Kliger cited Pandora as a direct example. The jewelry brand implemented an AI-powered product search in September and saw product lookups become 66% faster, with 30 seconds saved per item and item-to-cart speed doubling. The improvement addressed a specific operational challenge: Pandora does not use barcodes on displayed products, so associates previously had to look up items manually in a reference book.
“This empowers brand new associates who before did not have the knowledge of how the book was laid out with all the products to actually perform like they’re in the top 5% of that store’s staff,” Kliger said.
He also described a capability within KWI’s platform that allows associates to search for products by speaking directly to the POS. For example, asking for skin creams that do not contain a specific allergen. “Today if I want to sell you some skin cream and you tell me that you’re allergic to this particular ingredient, I don’t even think that’s possible without AI,” he said.
The Architecture Question: Unified Commerce vs. Bolt-On AI
Kliger was direct about the limits of AI layered onto fragmented systems. Without clean, unified data, AI cannot deliver the full picture it needs to be useful, and may lead to poor decisions.
“Having AI bolt on top of a POS system versus a unified commerce platform will not reach the goals that brand is looking to achieve because they’ll only have a certain amount of data,” he said.
A unified commerce architecture, by contrast, gives associates a single view of the customer, inventory, order history, returns and fulfillment options across channels. That foundation enables endless-aisle selling and smoother returns, all in one interface, without toggling between systems.
He pointed to John Hardy as an example: the brand drove a 23% sales lift on targeted campaigns because its customer data was clean and unified. The contrast, Kliger noted, is retailers who maintain separate customer records for online and in-store purchases, making it impossible to get a complete view of that customer’s history or lifetime value.
The Associate Role in 2030
Looking ahead to 2030, Kliger described a shift away from the cashier function and toward a more advisory role. Routine tasks such as paperwork, lookups and calls to other stores will be handled more efficiently by AI, freeing associates to spend more time selling and solving customer problems.
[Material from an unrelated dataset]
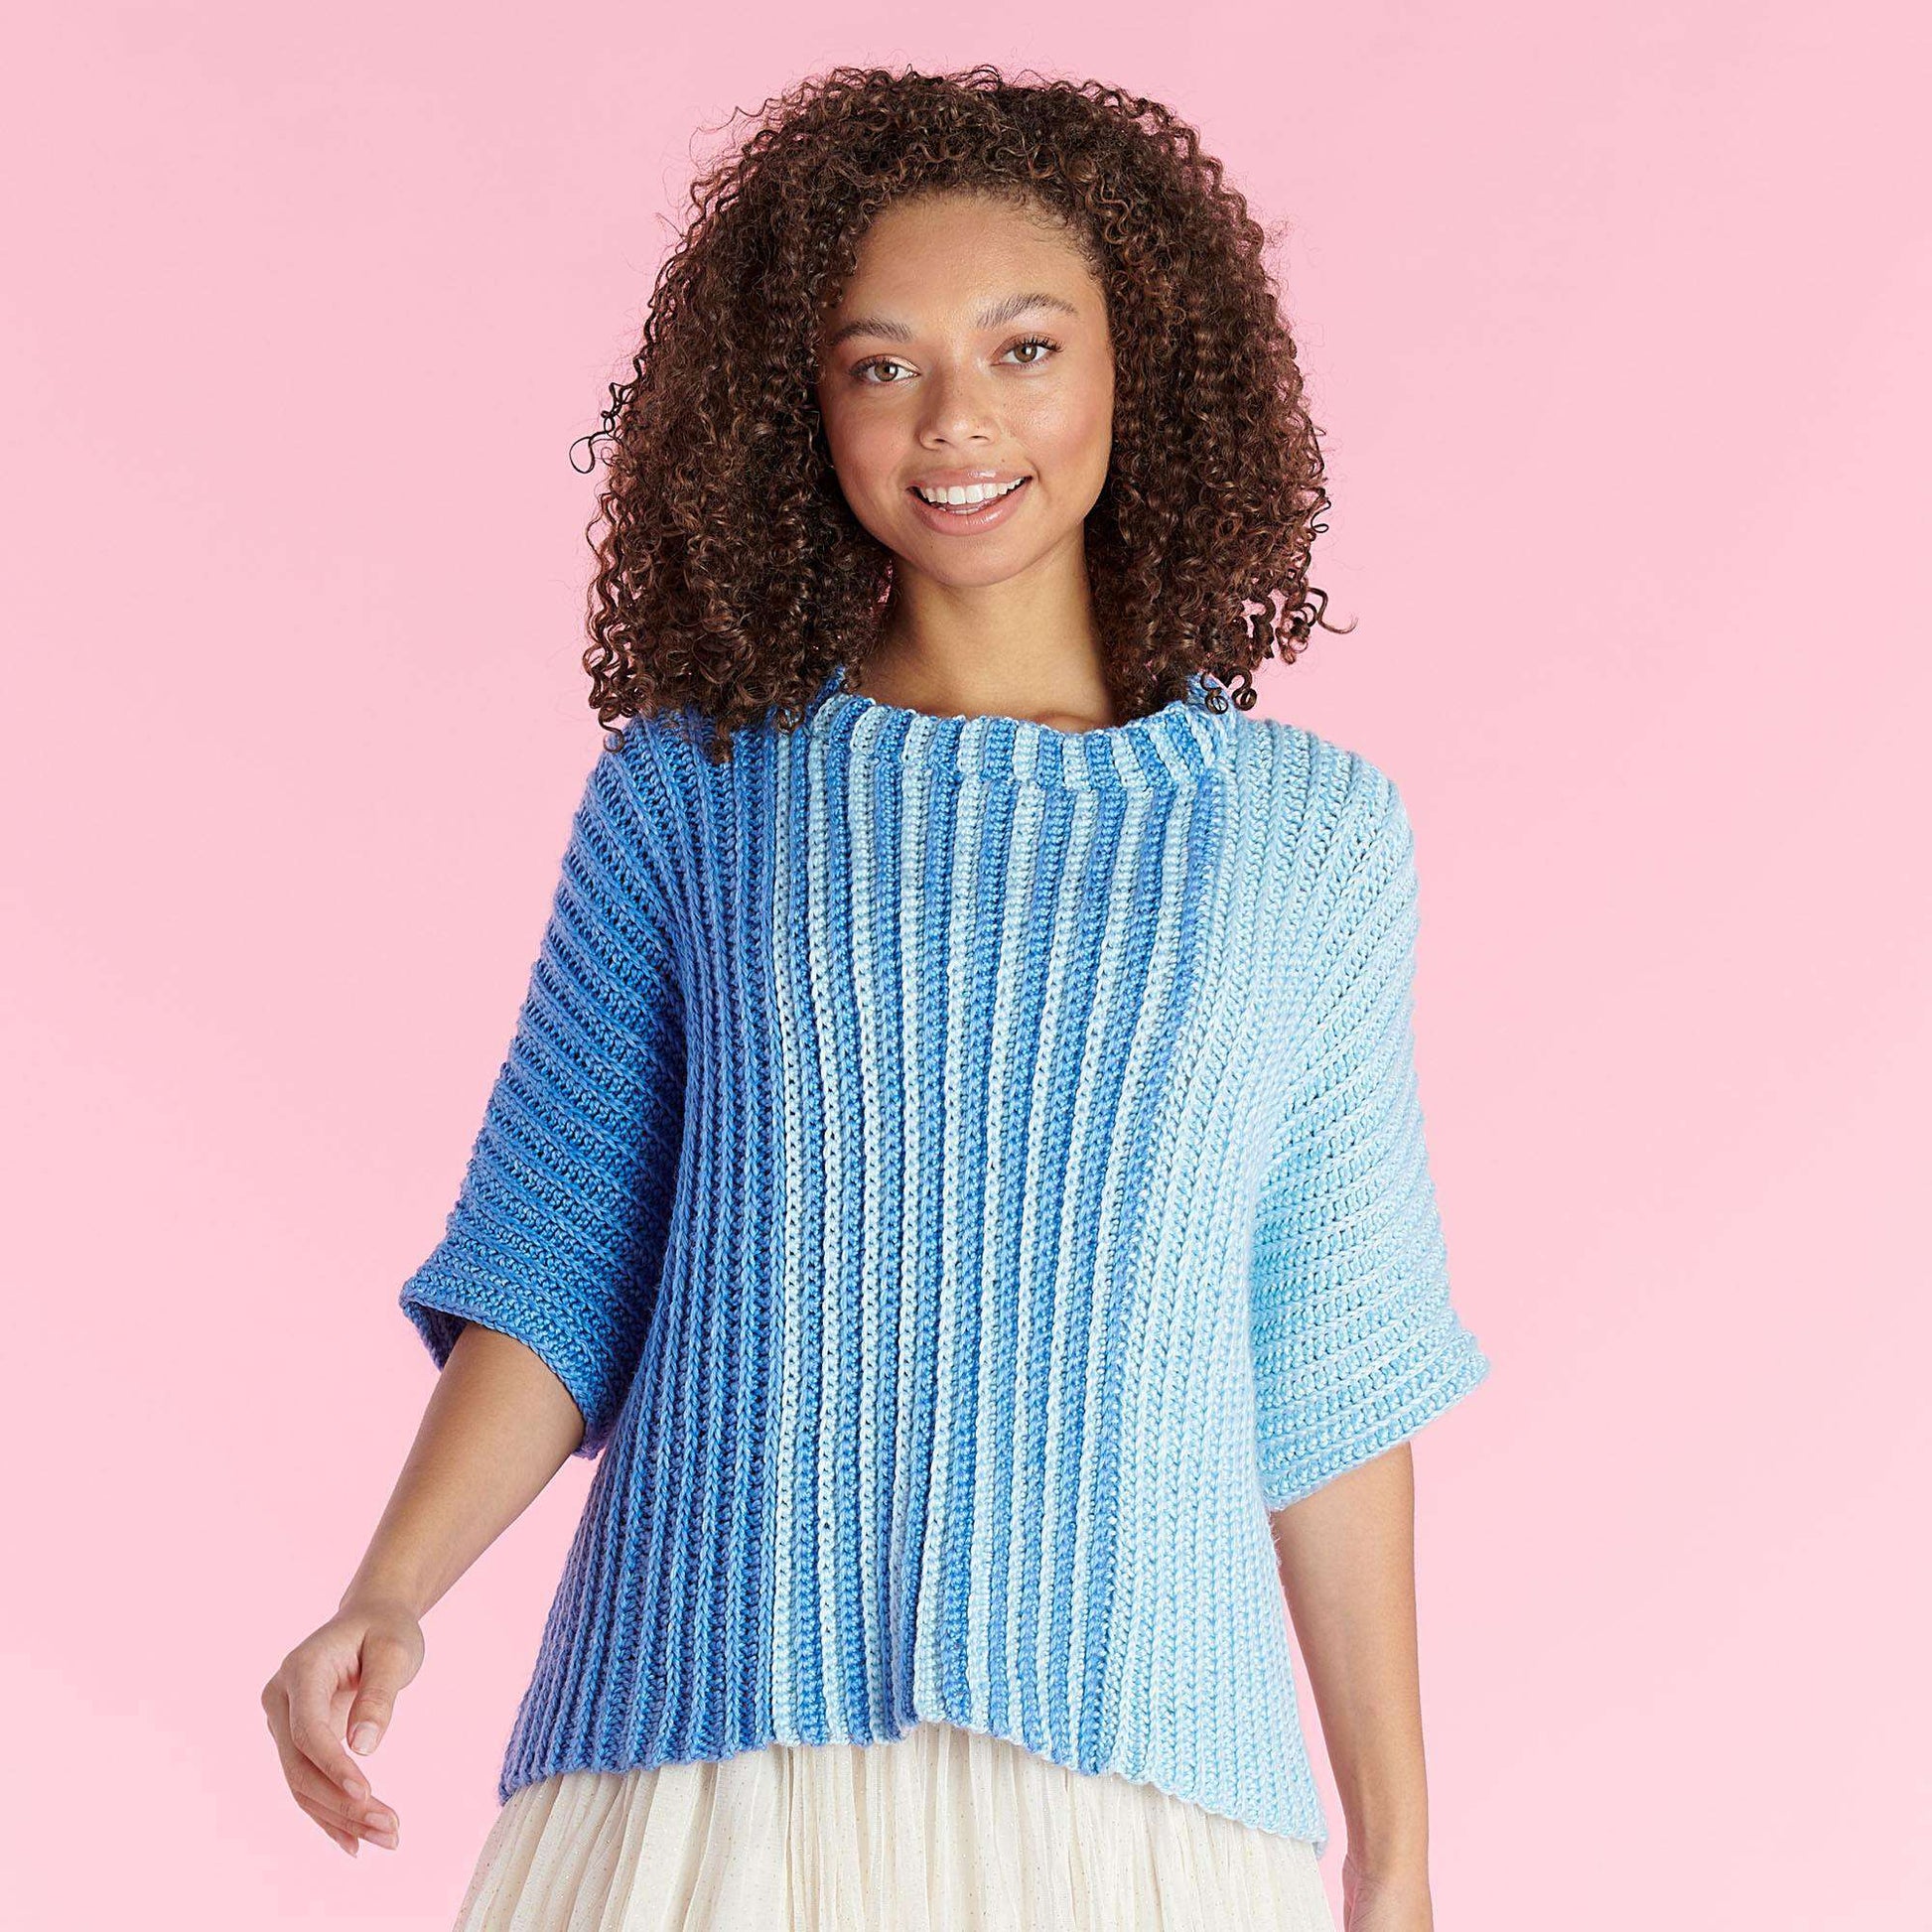 Free Caron Side-to-Side Crochet Top Pattern

“In 2030, the associate is not a cashier,” Kliger said. “They’re a ‘clienteling’ expert, a stylist, a problem solver, an expert in the product, a brand ambassador.”
He compared the future associate to a car dealership salesperson who knows every feature of every model, except that retail involves thousands of products across different sizes, styles and customer preferences. AI, he argued, gives associates the product knowledge depth needed to have those expert conversations at scale.
Kliger also made a point about employee retention. Better tools do not just improve the customer experience, they make the job less frustrating and more effective, which reduces turnover. “People leave their companies because their job is too hard,” he said. “They’re not given the right tools.”
Measuring the Return on AI Investment
When asked how retailers should measure success with AI, Kliger framed it as an investment question, not a cost question.
Key metrics he identified include time to serve a customer, number of transactions, line items per transaction, employee retention, revenue and profitability. “AI cannot be an expense that will take more margin out of your business,” he said. “AI has to actually increase your retention, your profitability and your revenue because it’s an investment, not an expense.”
His closing message for specialty retail leaders was straightforward: “Retail is about people. AI just lets the good ones become great. And the retailers seeing the greatest returns are the ones doubling down on those people, not cutting them. Because the ones that cut them, by 2030, they probably won’t be around.”